WHAT YOU WILL DO
Your task is to return exactly the lines that run from the one containing "regrow roses" through the end of the listing below, without any pictures.

PROVIDED MATERIAL
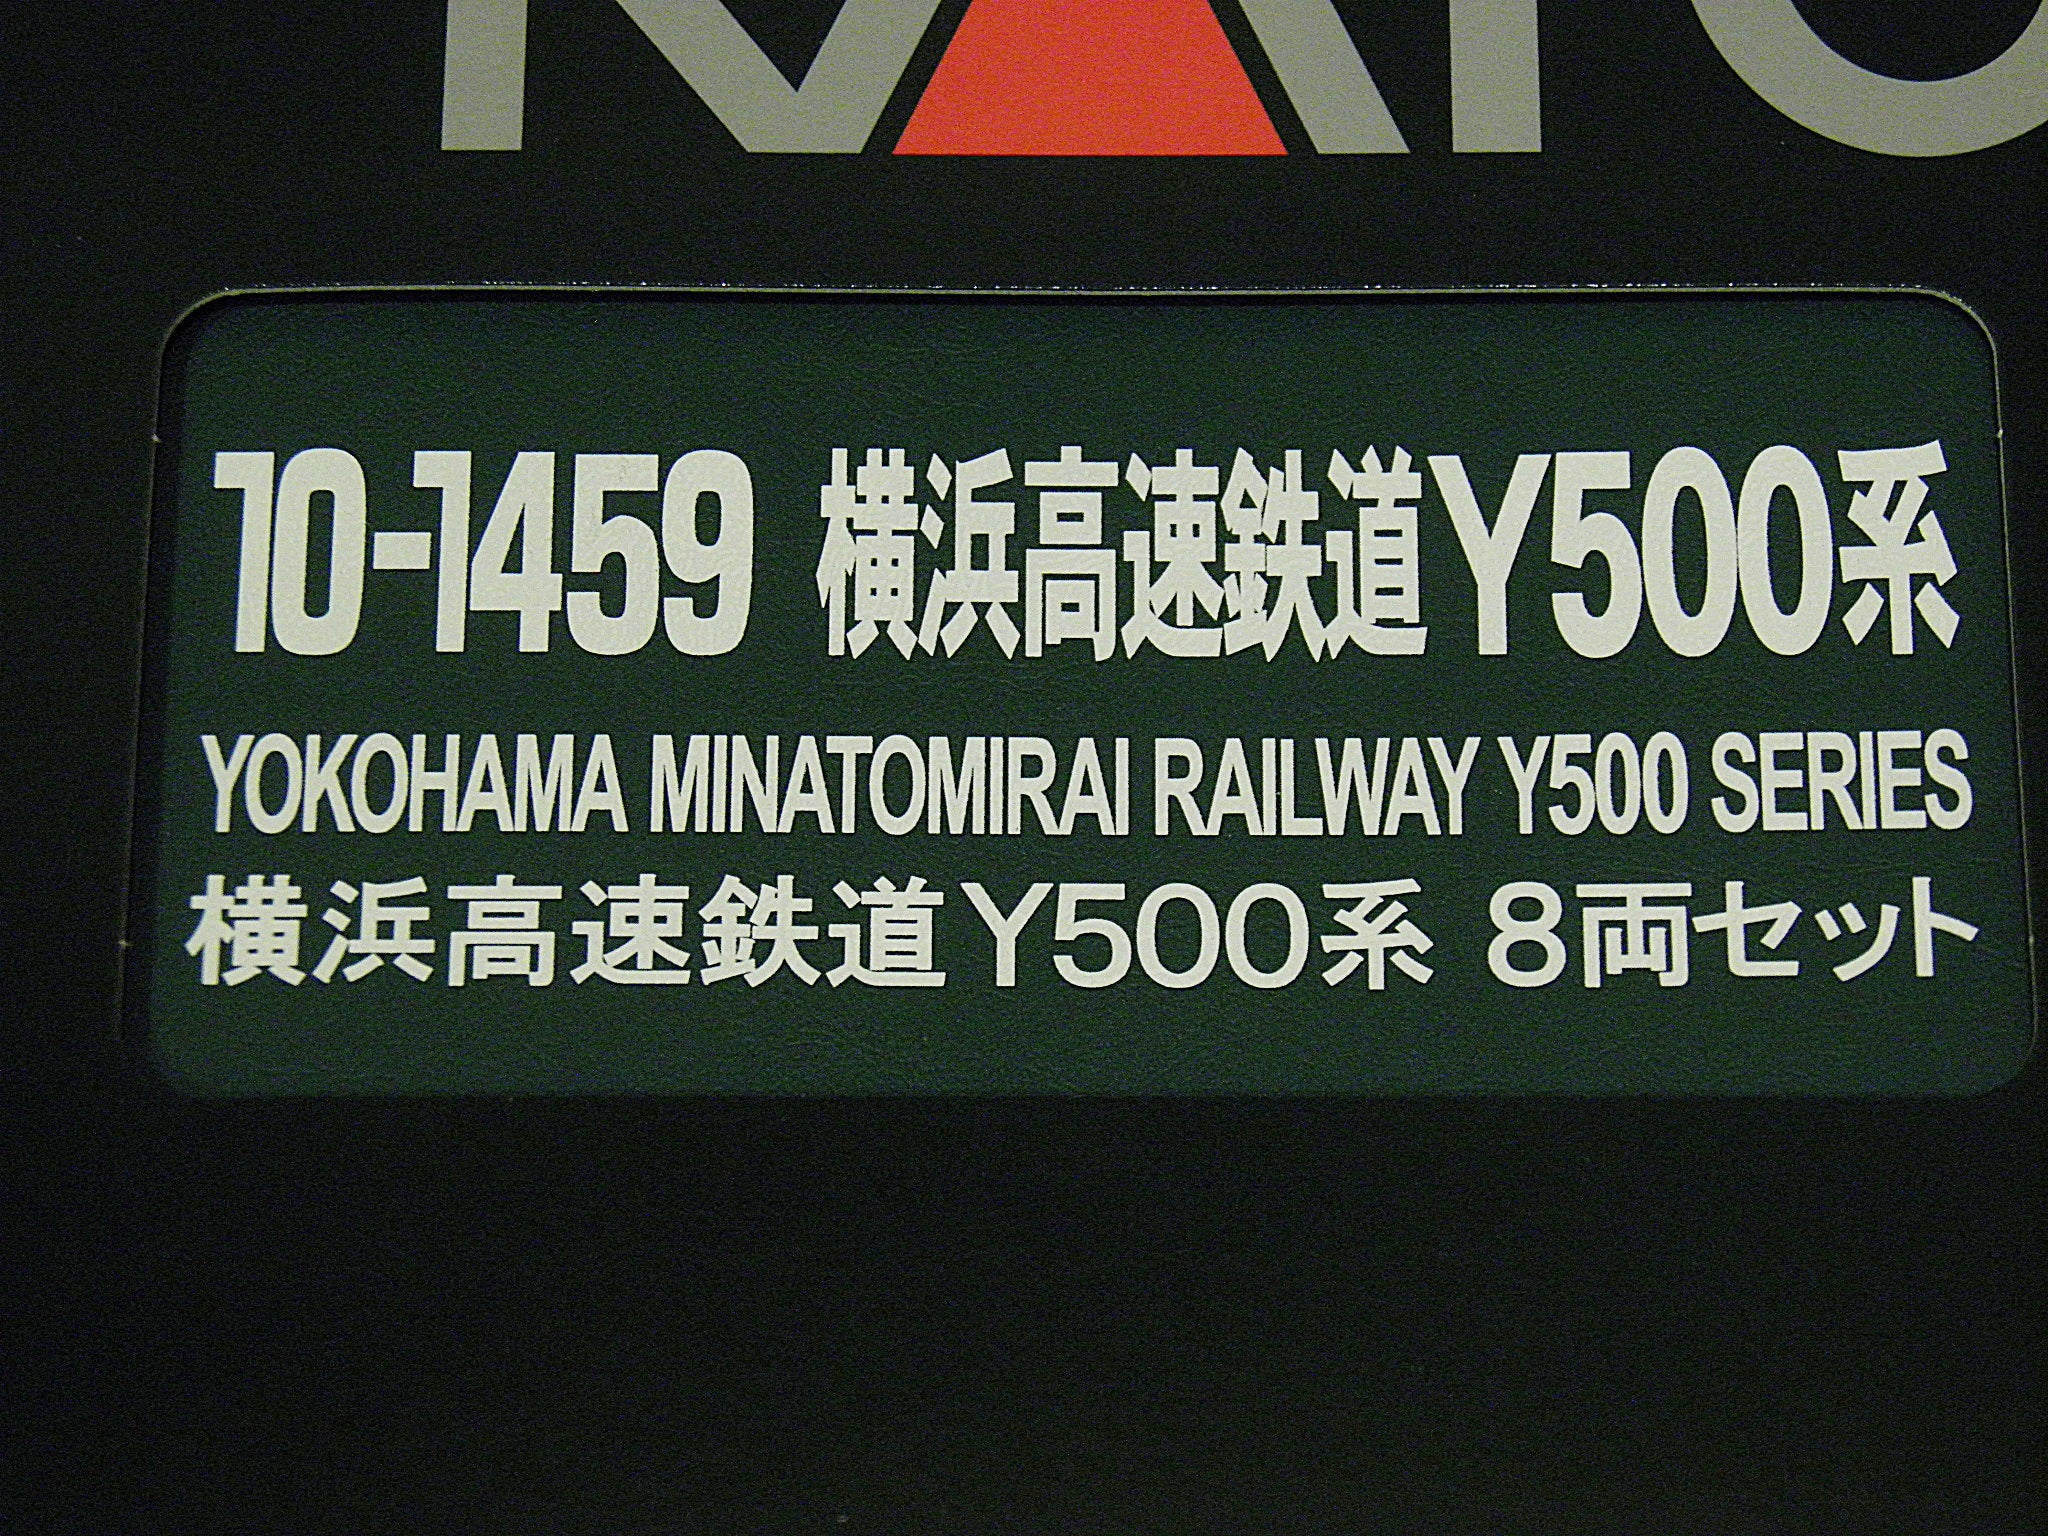 KATO 横浜高速鉄道Y500系 8両セットのレビュー的なものを書いてみる
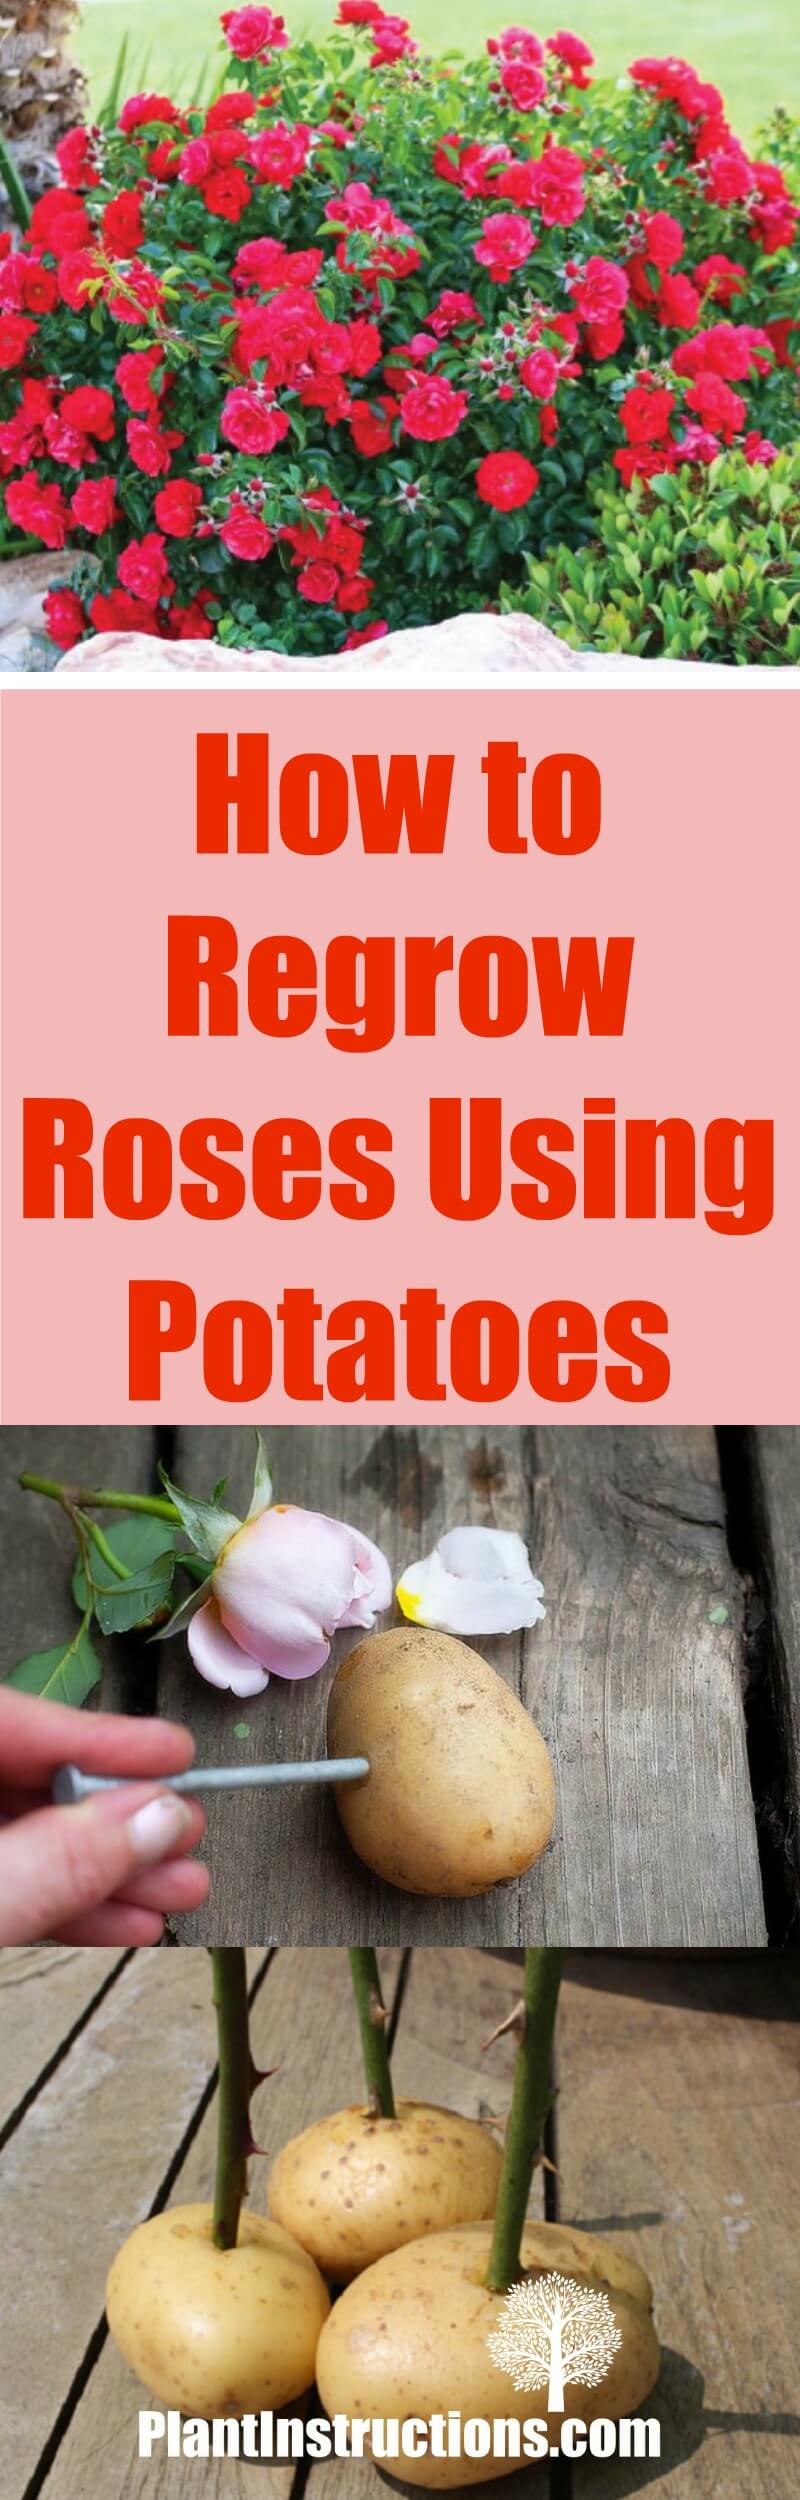 regrow roses
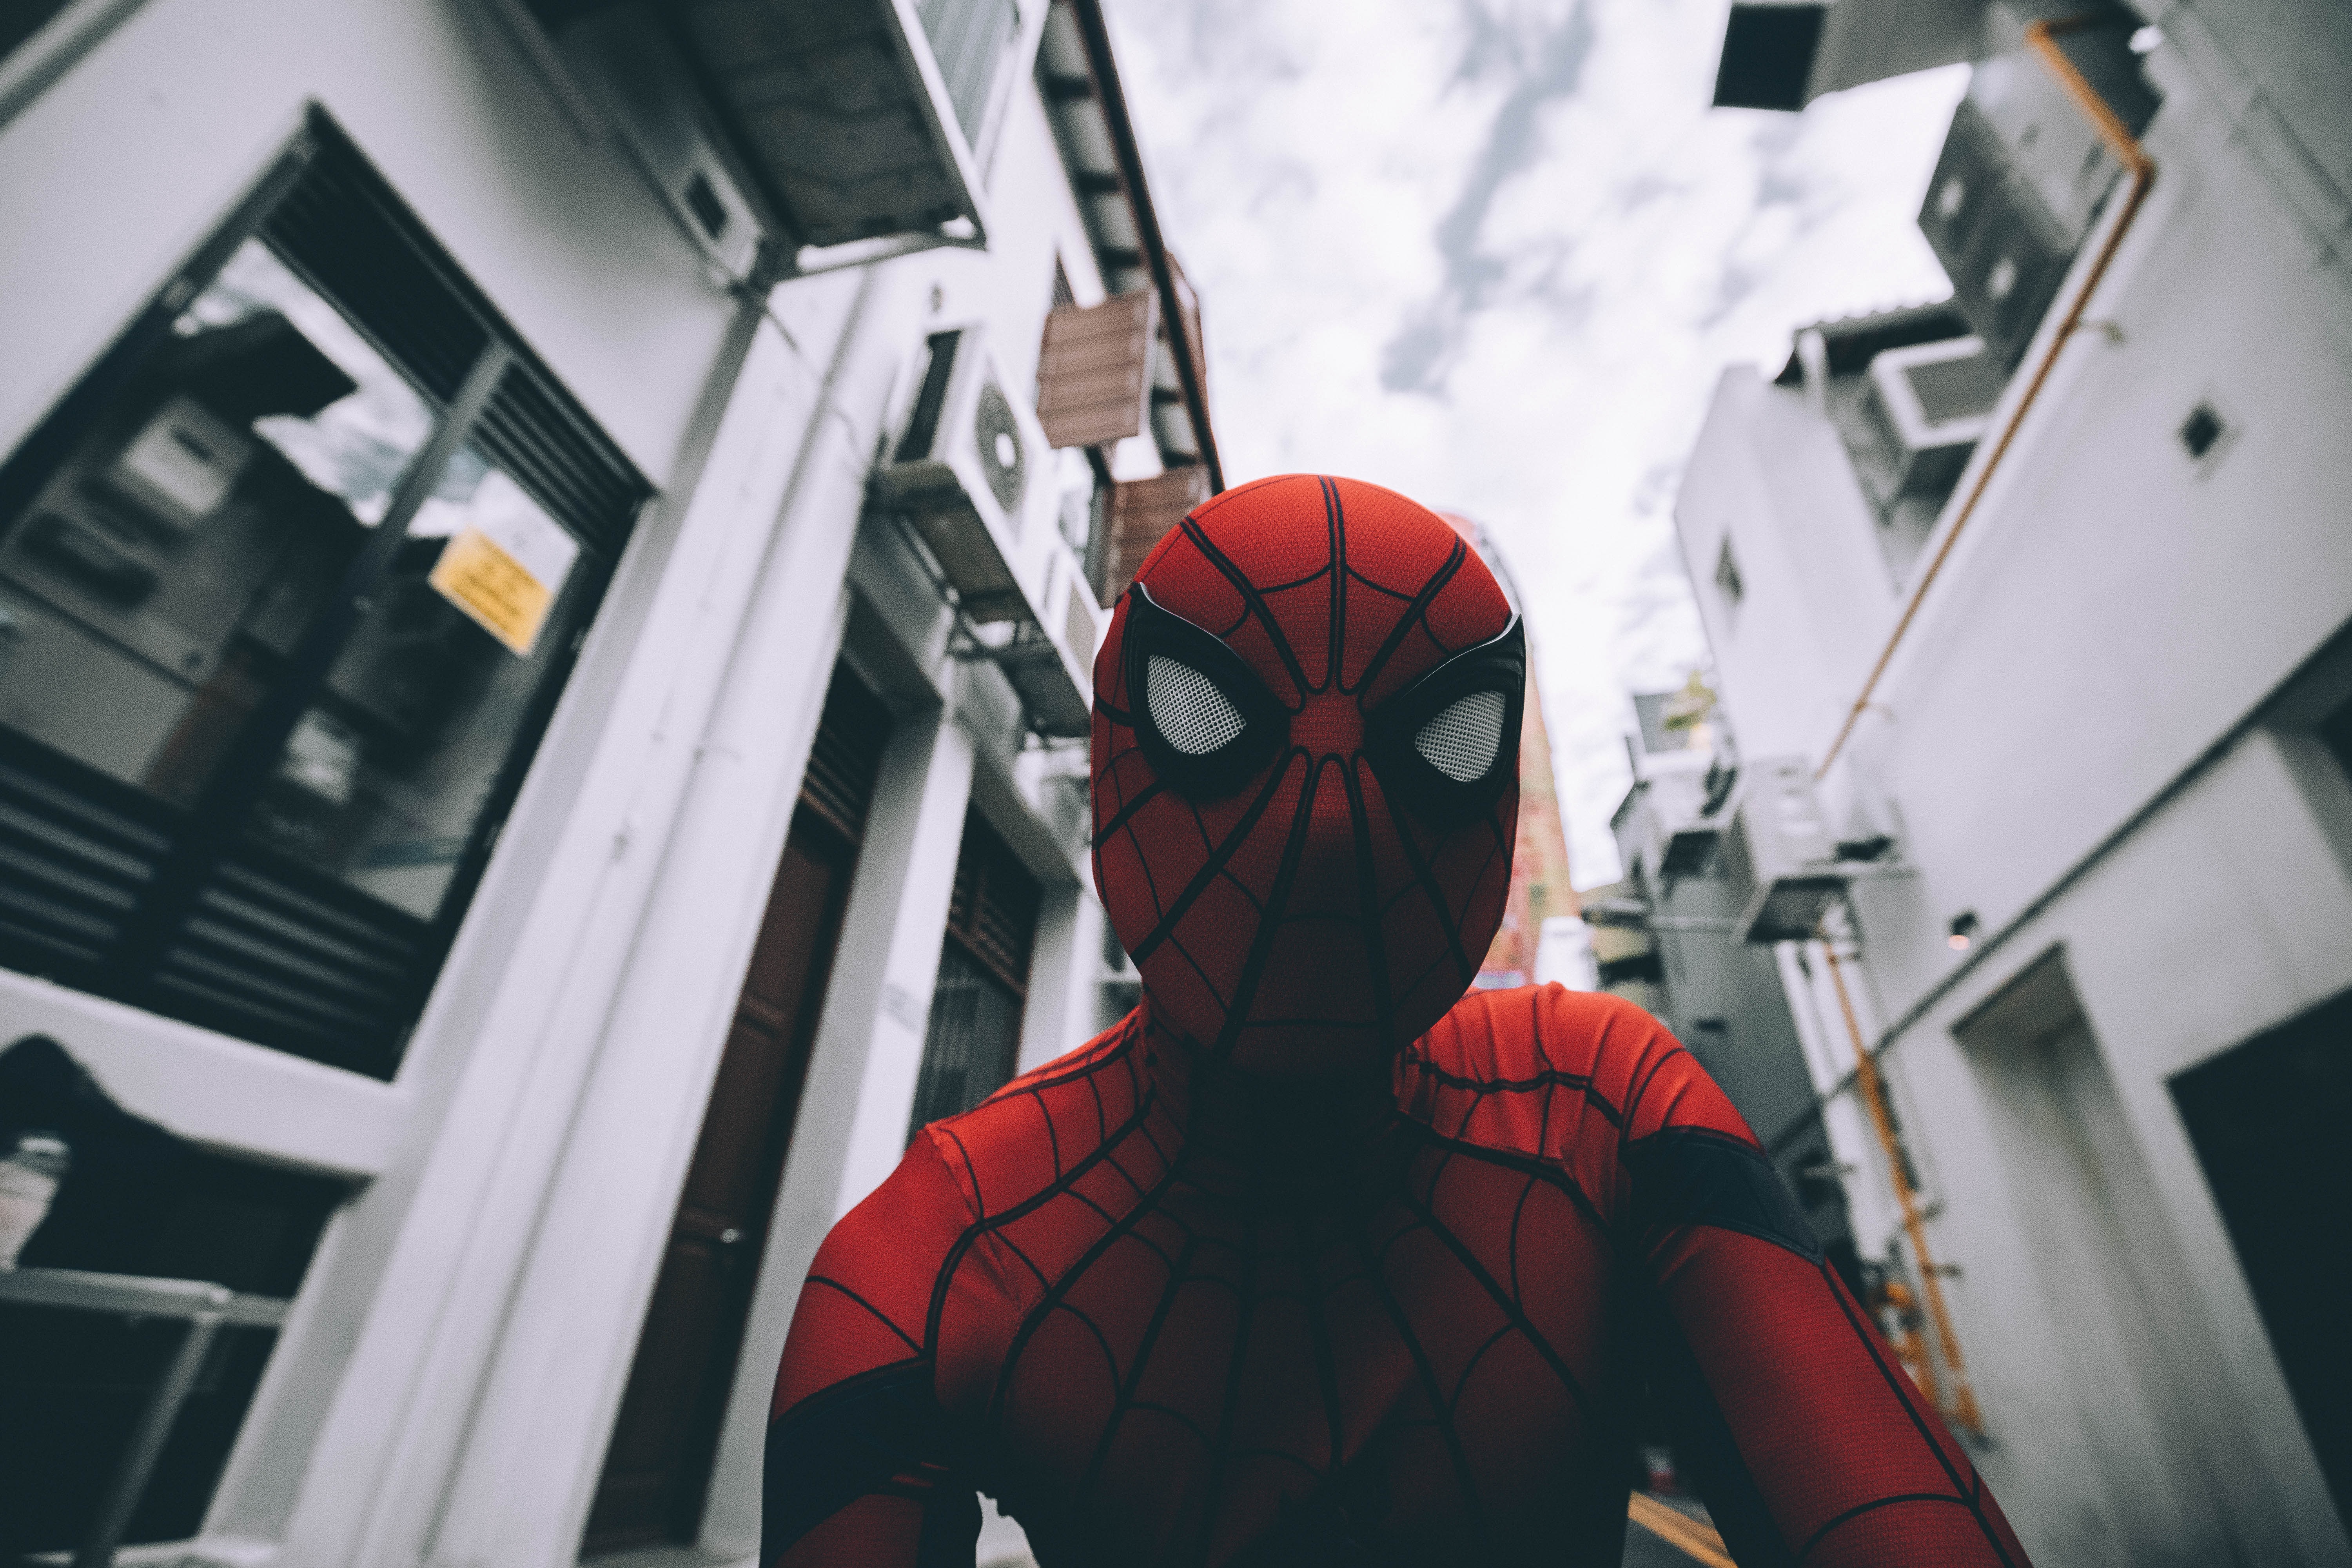 Spiderman seen between two buildings

RESPONSE TO THIS TASK
 regrow roses
 Spiderman seen between two buildings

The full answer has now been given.